Выбрать главу

Вьюгин с трудом открыл глаза и какое-то время тупо соображал, где он находится. Лежал же он на койке одетый, а находился, несомненно, в каюте морского судна. А кому она принадлежала? Все напоминало начало истории в духе Стивенсона. Голова Вьюгина с похмельной замедленностью мыслительных процессов не спешила дать ответ на вопросы, явно не украшающие ее владельца. Путем несложных умозаключений Вьюгин определил, что судно стоит у причала, но явно не на якоре в бухте и, конечно, не в открытом море. В противном случае ощущалась бы хоть какая-нибудь качка. Впрочем, качание под собой он ощутил, когла встал с койки, но здесь причина крылась уже в самом Вьюгине с его похмельным синдромом. Зато в окно, полузадернутое бежевой шторой, он увидел портальные краны, понял, что каюта находится в надстройке и что ему хочется выйти на воздух, а в дальнейшей перспективе опохмелиться пивом. Он вышел и закрыл за собой дверь, а потом глянул на медную табличку вверху, из которой явствовало, что ночь он провел в каюте старшего помощника капитана. Память вернула его имя: Юрий Семенов, с которым они вместе вчера пили. И еще в том приморском ресторане было немало людей с его судна. Забыл только его название и под каким оно было флагом. Впрочем, это он сейчас сам увидит.

Вьюгин решил, что Семенова он искать не будет. Во-первых, удручающая тяжесть в голове, во-вторых, Юра сейчас занят своими старпомовскими делами, несмотря на похмелье. И ему не следует искать его по всему судну и отвлекать от дела.

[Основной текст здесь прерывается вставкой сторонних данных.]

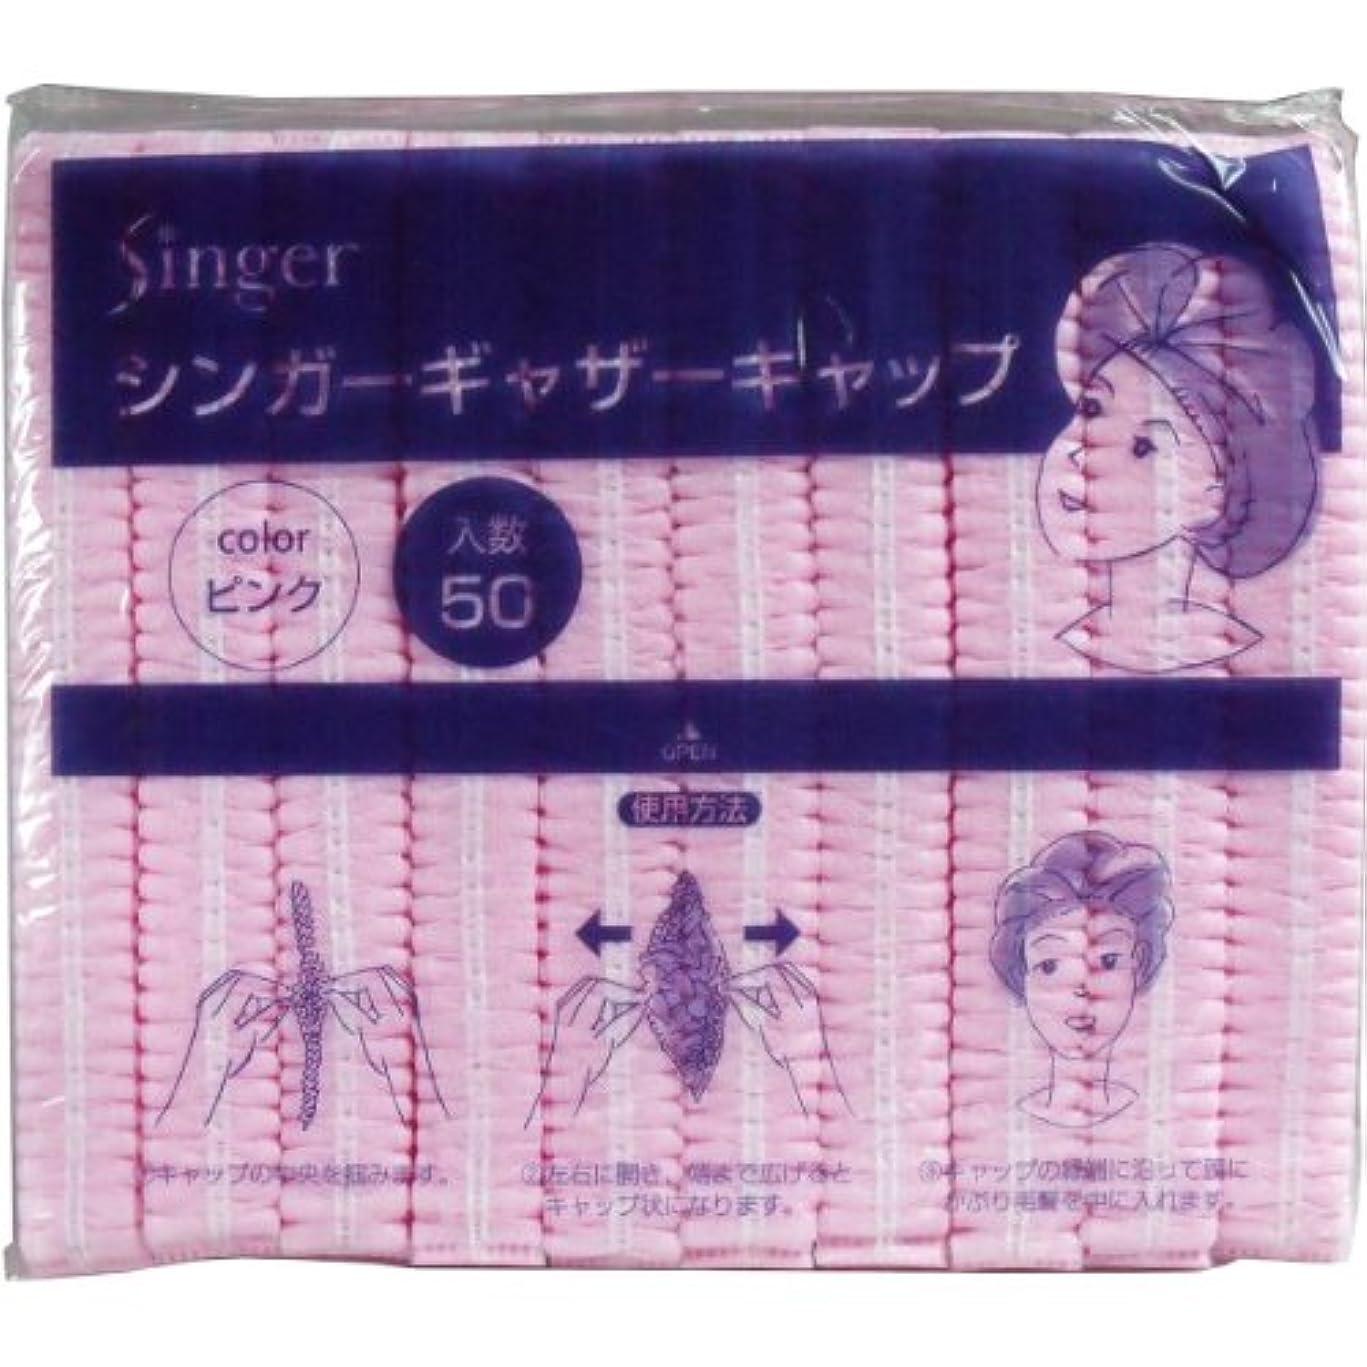 疑い組み合わせる最小宇都宮製作 不織布製衛生キャップ シンガーギャザーキャップ 50枚入 ピンク
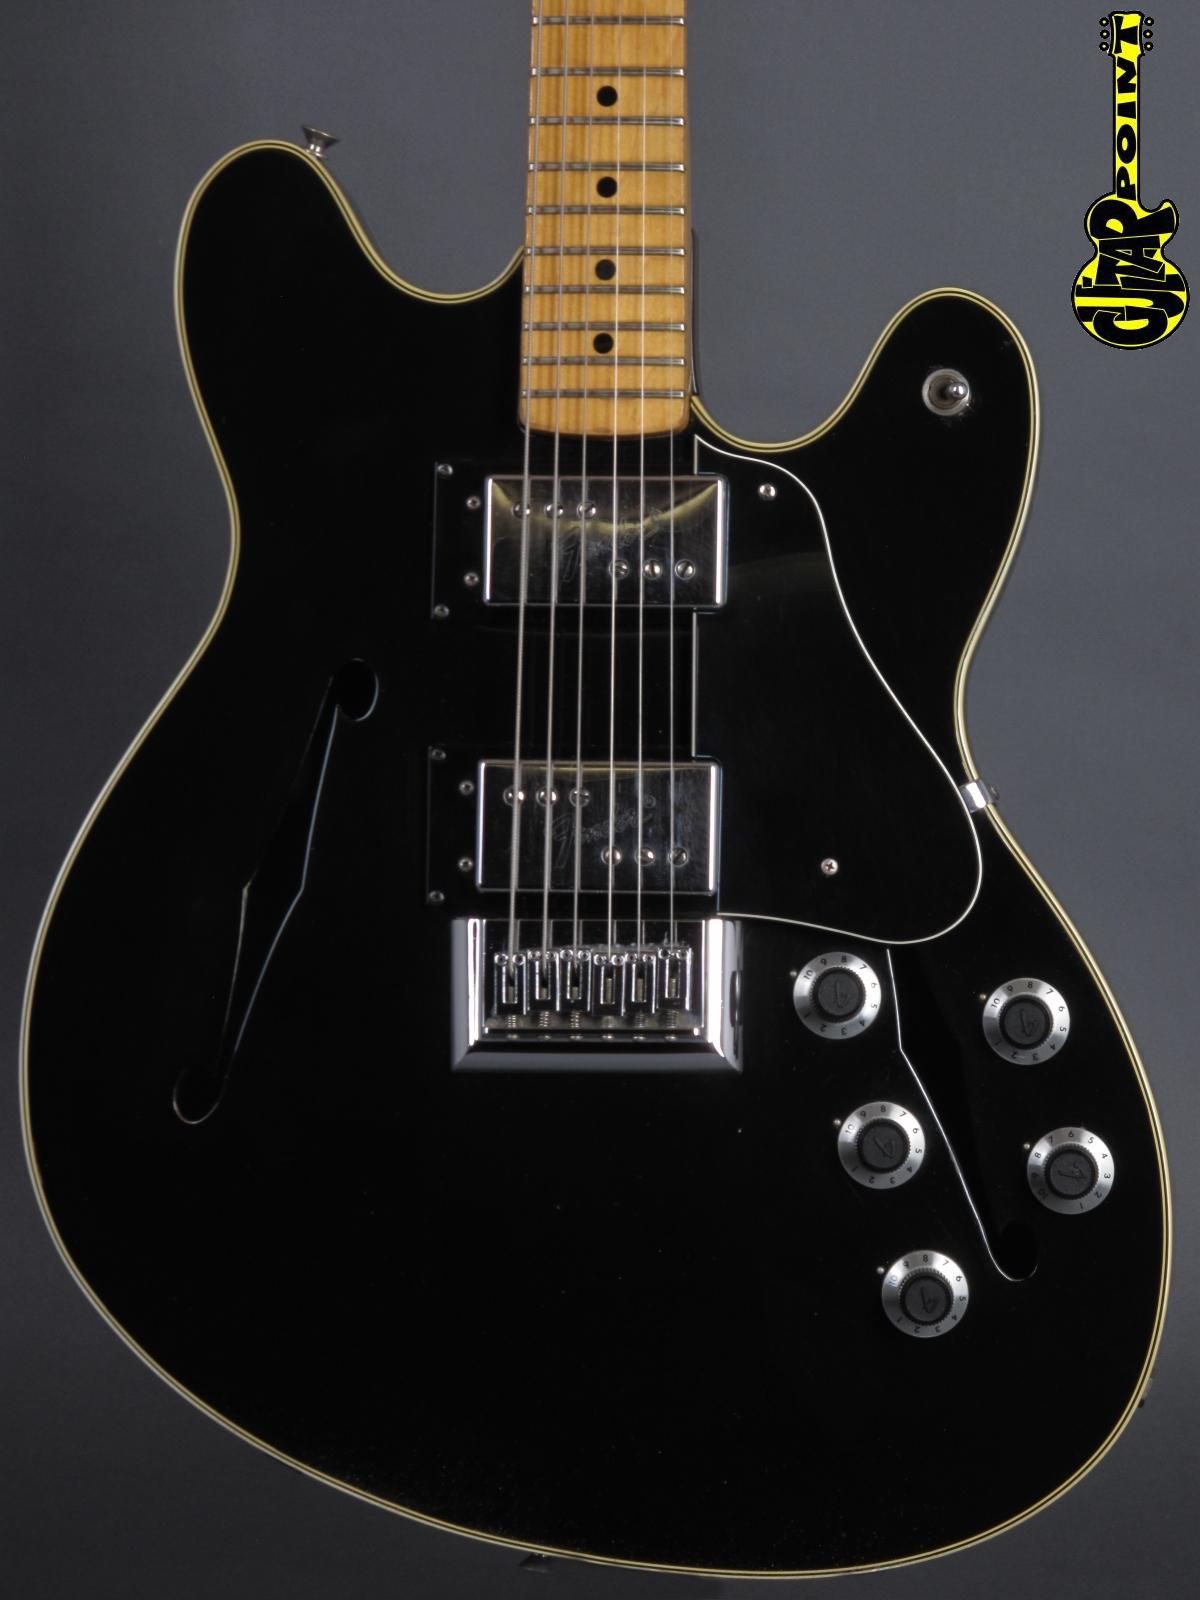 1975 Fender Starcaster - Black

Он вышел из каюты на палубу, пересек ее странную безжизненность, подумав, что все были в трюмах и готовили грузы к подъему, потом он спустился, слегка пошатываясь, по сходням, где, в суровой отчужденности стоял черный полицейский. Он, видимо, должен был следить за тем, чтобы наверх по трапу не поднимались какие-нибудь подозрительные личности, а больше те из его соотечественников, которые способны что-нибудь стибрить у белых людей.

Дальнейшим воспоминаниям Вьюгин стал предаваться уже в ближайшем баре за бутылкой холодного пива. Картина вчерашнего стала вырисовываться более ясно перед мысленным взором Вьюгина, хотя некоторые детали на ней прискорбно и почти невосполнимо отсутствовали, как на стенной мозаике перед огорченным взором реставратора. В тот вечер, когда он уже хотел уходить из ресторана, устав от одиночества и некоторой неприкаянности, он неким образом присоединился к компании гулявших в том же ресторане моряков. Возможно, он услышал пару слов на родном языке от Семенова, с которыми он обратился к механику-украинцу с его же судна. Потом он выяснил, что механик из семьи, переехавших в Канаду еще во времена, как ее тогда называли, “панской Польши”. А Семенов, видный из себя брюнет с небольшими усами, попал лет пять назад в Австралию, женившись на австралийке белорусского происхождения и тоже из семьи уехавших задолго до войны туда и покинувших все ту же Польшу времен еще Пилсудского. Все это постепенно вспоминал Вьюгин, будто вытаскивал по одной нити из спутанного клубка пряжи.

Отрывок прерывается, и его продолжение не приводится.